Well, that's 1984, the Orwellian ideal... total subjugation of the populace.

I have always thought it my responsibility to challenge authority. It was Jim Morrison who said "When you make your peace with authority, you become authority." People who do not understand that are anathema to my way of thinking and living.
 
Well, that's 1984, the Orwellian ideal... total subjugation of the populace.

I have always thought it my responsibility to challenge authority. It was Jim Morrison who said "When you make your peace with authority, you become authority." People who do not understand that are anathema to my way of thinking and living.

The problem I find within myself is that while I may have all the intentions in the world to think for myself, because I can't determine the roots of all of my attitudes and biases, what I wish to be like and what I am like may be very different things. It was no easy matter, for example, to know I hate myself in the abstract by experiencing buried feelings, leaving god knows how many I still have hidden while knowing for pretty sure they are still some there. The bottom line for me here then, is that I can't really say the way I think and live is really MY WAY.
 
The problem I find within myself is that while I may have all the intentions in the world to think for myself, because I can't determine the roots of all of my attitudes and biases, what I wish to be like and what I am like may be very different things. It was no easy matter, for example, to know I hate myself in the abstract by experiencing buried feelings, leaving god knows how many I still have hidden while knowing for pretty sure they are still some there. The bottom line for me here then, is that I can't really say the way I think and live is really MY WAY.
Well, that's a rather enlightened perspective. I have discovered hidden feelings in myself I would never have believed lived in my subconscious. It was a bitter sweet experience and one I'm not at all sure I've ever come to terms with. It was a long long time ago.

Knowing yourself isn't as simple as most people think.
 
Well, that's a rather enlightened perspective. I have discovered hidden feelings in myself I would never have believed lived in my subconscious. It was a bitter sweet experience and one I'm not at all sure I've ever come to terms with. It was a long long time ago.

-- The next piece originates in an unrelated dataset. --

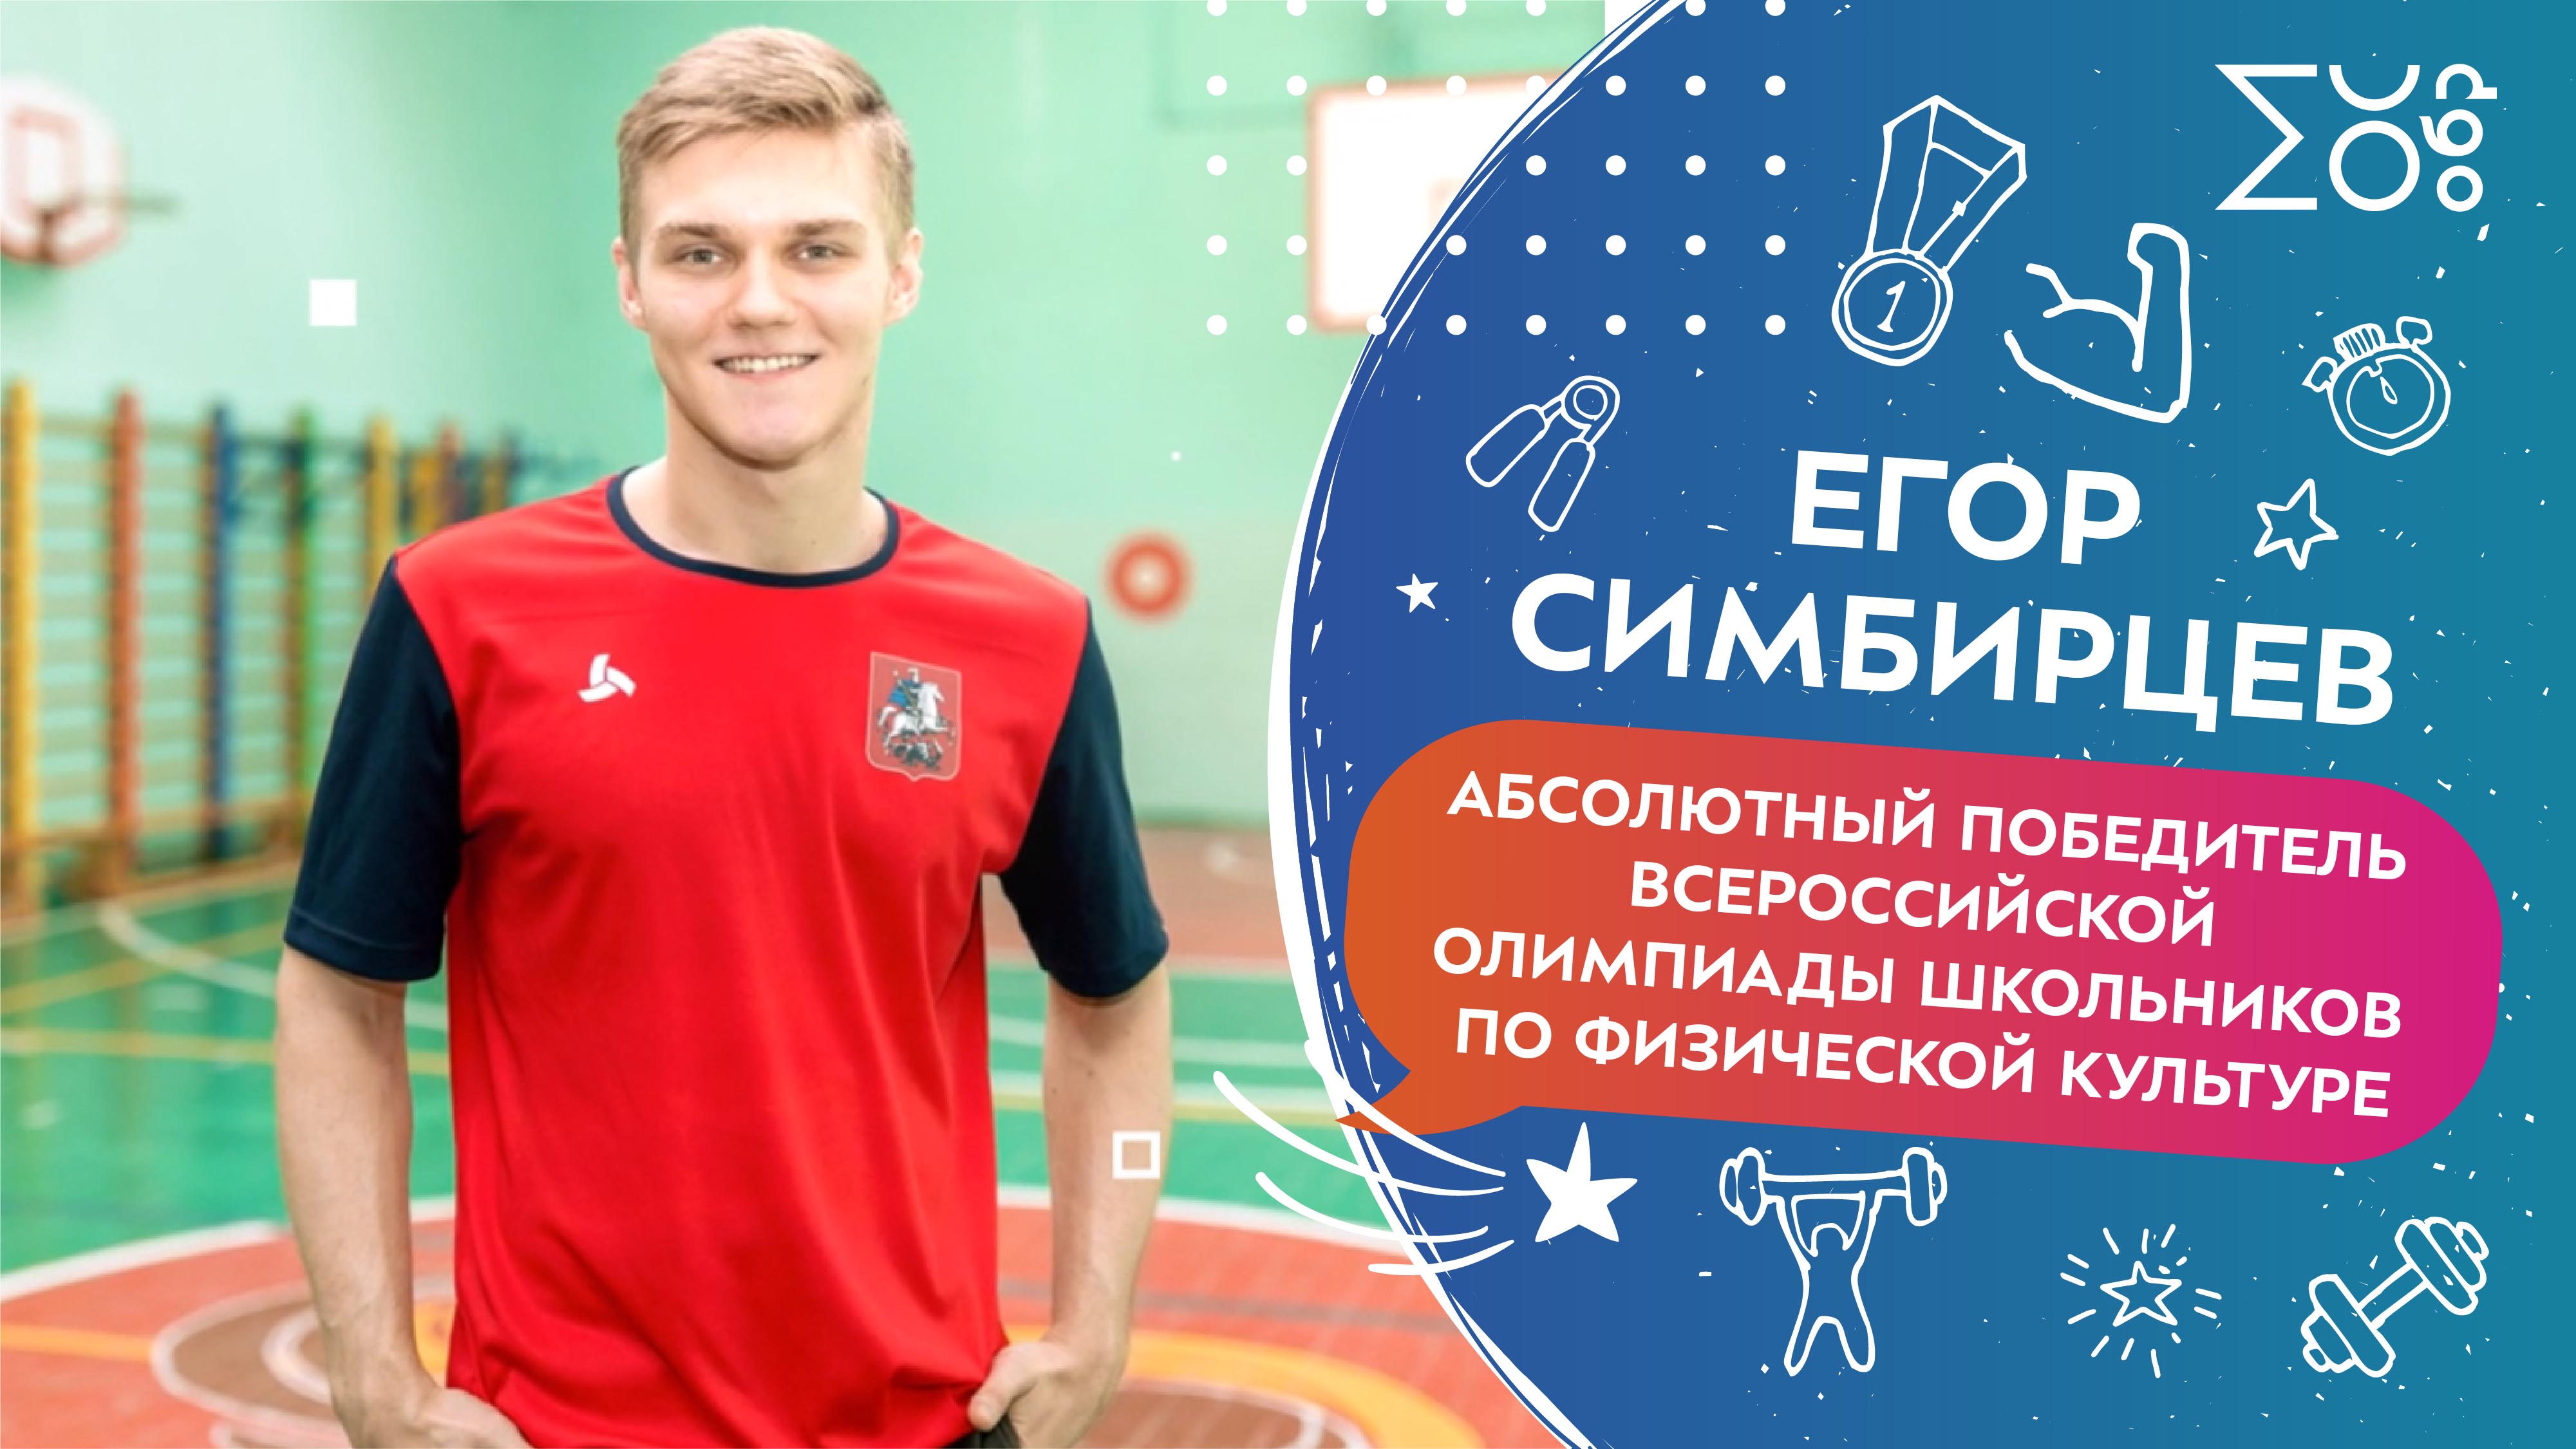 Егор Симбирцев, абсолютный победитель Всероссийской олимпиады школьников по физической культуре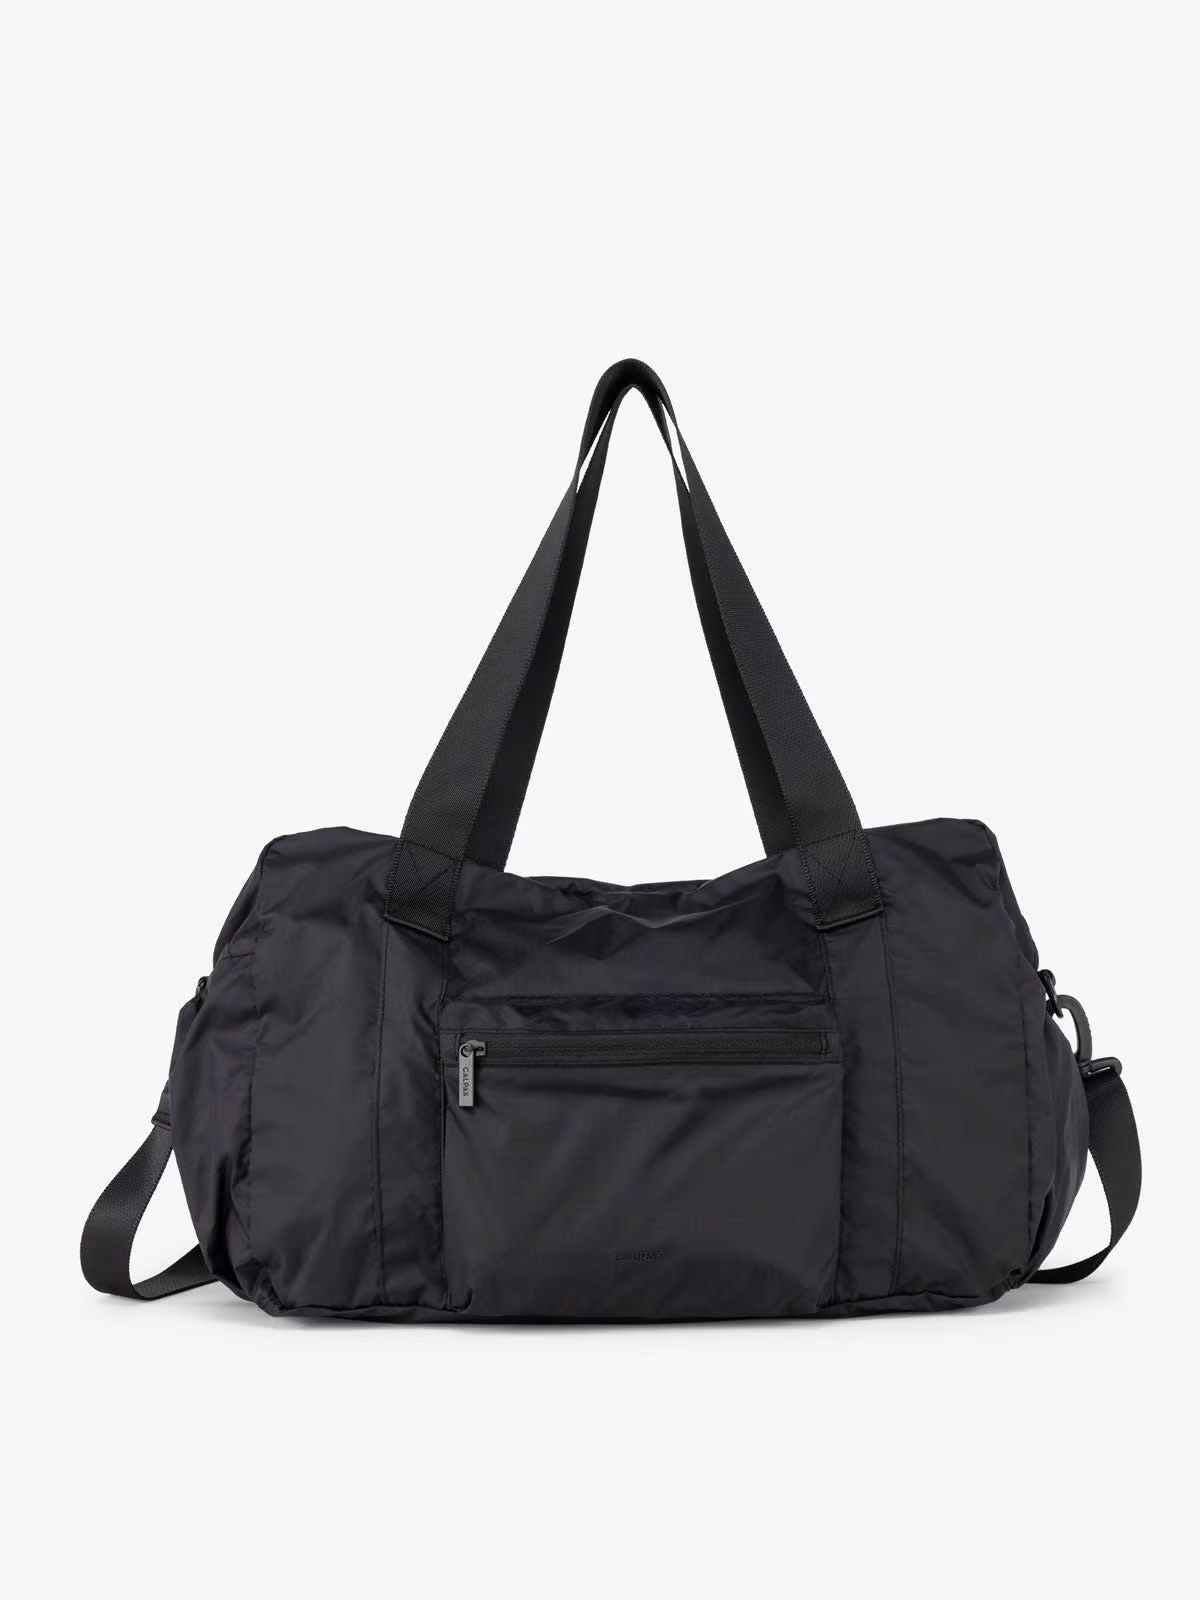 Compakt Duffel Bag | CALPAK | CALPAK Travel

Knowing yourself isn't as simple as most people think.
Your quotations on happiness you chose to point to I find extremely impressive. Truth approached, I think, brings a collapse of the paradox of duality.
 
Your quotations on happiness you chose to point to I find extremely impressive. Truth approached, I think, brings a collapse of the paradox of duality.
I get a kick out of quotations, I save them, have a pretty extensive collection saved to my personal data. I should say I get a lot more than a kick out of them. Many are in my mind somewhere and pop out like songs that come to you out of the blue sometimes. I remember Henry Miller saying that in his youth he crouched in the crevices between great ideas. It's a metaphor. Having great ideas in mind is ennobling over time. I firmly believe that. Some of those quotations about happiness are among those. When I was a lot younger I didn't believe in "happiness." I believed in PASSION! I still believe in that, of course, but I don't reject "happiness." There's so much that life can offer, "whatever you think, it's more than that, more than that." That's from a song by The Incredible String Band. They were quite mystical savants.